Chilean politician (1918–1999)

Orlando Octavio Poblete González (Parral, 24 June 1918 – Chile, 20 January 1999) was a Chilean teacher and politician, mayor of Copiapó and later deputy representing the province of Atacama.

== Early life and professional career ==
Born in Parral in 1918, his parents were Alfredo Poblete Ortiz and Juana González Gallegos. He married Lenka Ostojić Zlatar, with whom he had three children: Orlando, Lenka, and Jaime.

He studied at the Superior School of Parral and later at the Escuela Normal de Chillán, graduating as a primary teacher in 1939 with the thesis "La escuela y la comunidad".

He began his teaching career at School No. 6 of Chillán (1940–1946) and later at the Normal School of Copiapó "Rómulo J. Peña Maturana" (1946–1950). He was professor of Educational Sociology and head of the Normal School between 1950 and 1954, and also taught Economic Geography at the School of Mines of Copiapó. In 1956, he directed the Seminar on Regional Problems of Atacama, sponsored by the University of Chile.

== Political career ==
Poblete joined the Radical Party of Chile in 1936, serving as president of the Radical Student Movement at the Escuela Normal de Chillán, president of the Radical Youth of Chillán, and later provincial president of Ñuble.
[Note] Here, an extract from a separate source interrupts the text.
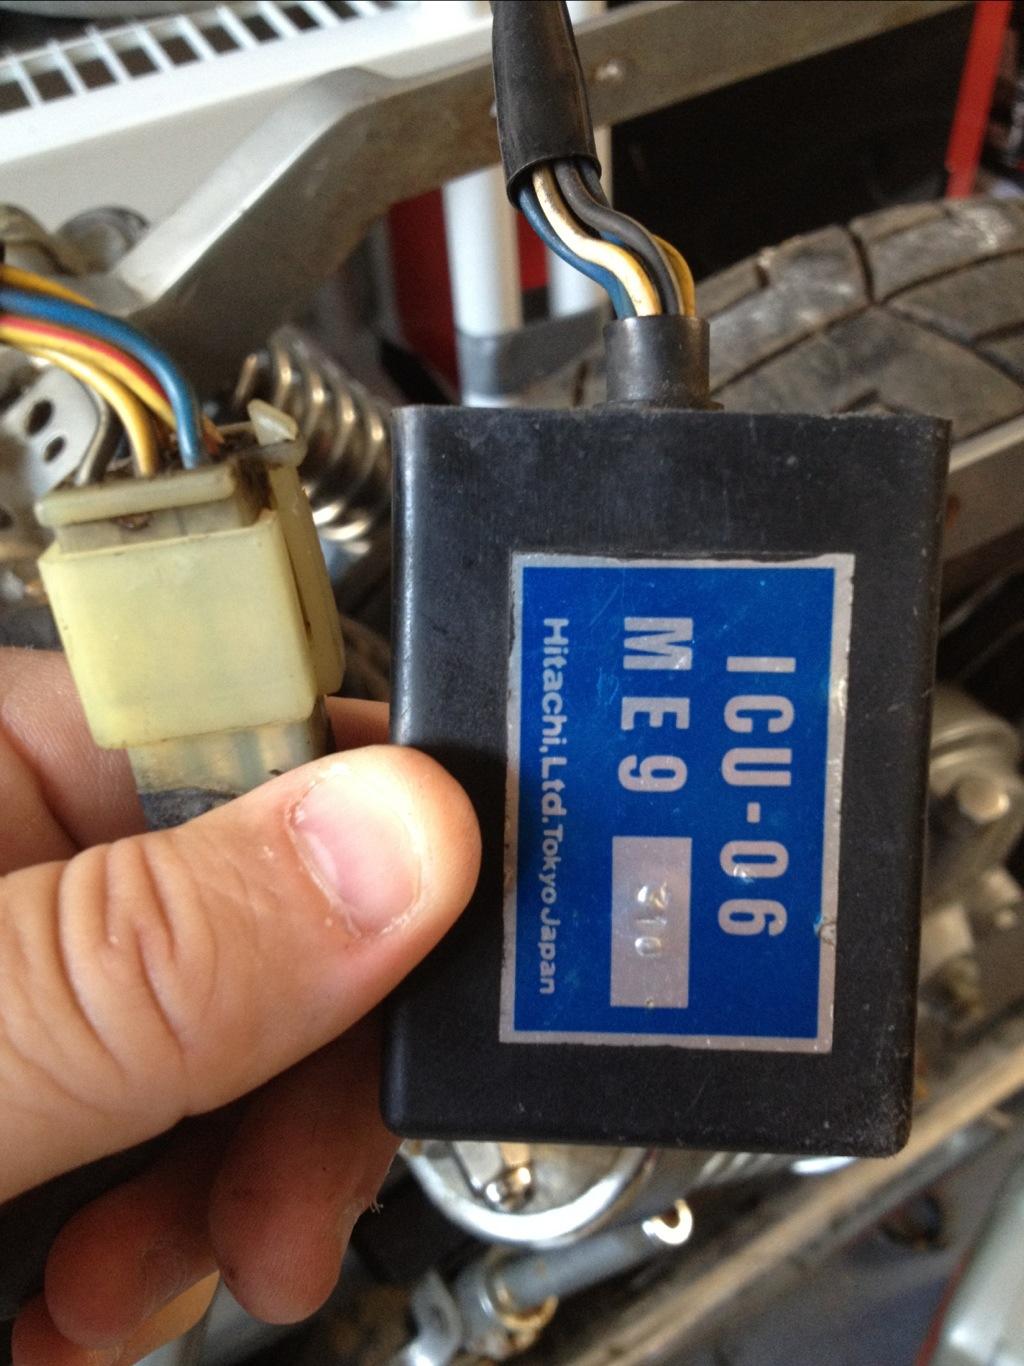 Honda Vt700 Wiring Diagram Manual Of 1985 Shadow 1984 Vt700c Brain Transplant Oden Motor Shop Rh Odenmotorshop Com

In Copiapó, he became president of the Radical Assembly and the provincial Radical organization, and in 1965 was a national party assemblyman and president of its Technical Commission.

He was elected regidor and later mayor of Copiapó, serving from 1950 to 1964. During his tenure he promoted public works such as the construction of the Luis Valenzuela Hermosilla Stadium, the railway line along Circunvalación Avenue, and the remodeling of Copiapó’s main square.

In 1953 he ran unsuccessfully in a parliamentary by-election for Atacama, following the death of deputy Héctor Montero Soto.

In 1965 he was elected deputy for the 3rd Departmental District (Copiapó, Chañaral, Huasco, Freirina) for the term 1965–1969. He served on the Permanent Commissions of Public Education, Social Assistance and Hygiene, Internal Government, Public Works, Labor and Social Legislation, and Internal Police and Regulations.

In 1971 he resigned from the Radical Party and joined the Radical Left Party. He ran unsuccessfully for deputy in Coquimbo in the July 1972 by-election and again in the 1973 parliamentary elections.

After a long illness, he died on 20 January 1999.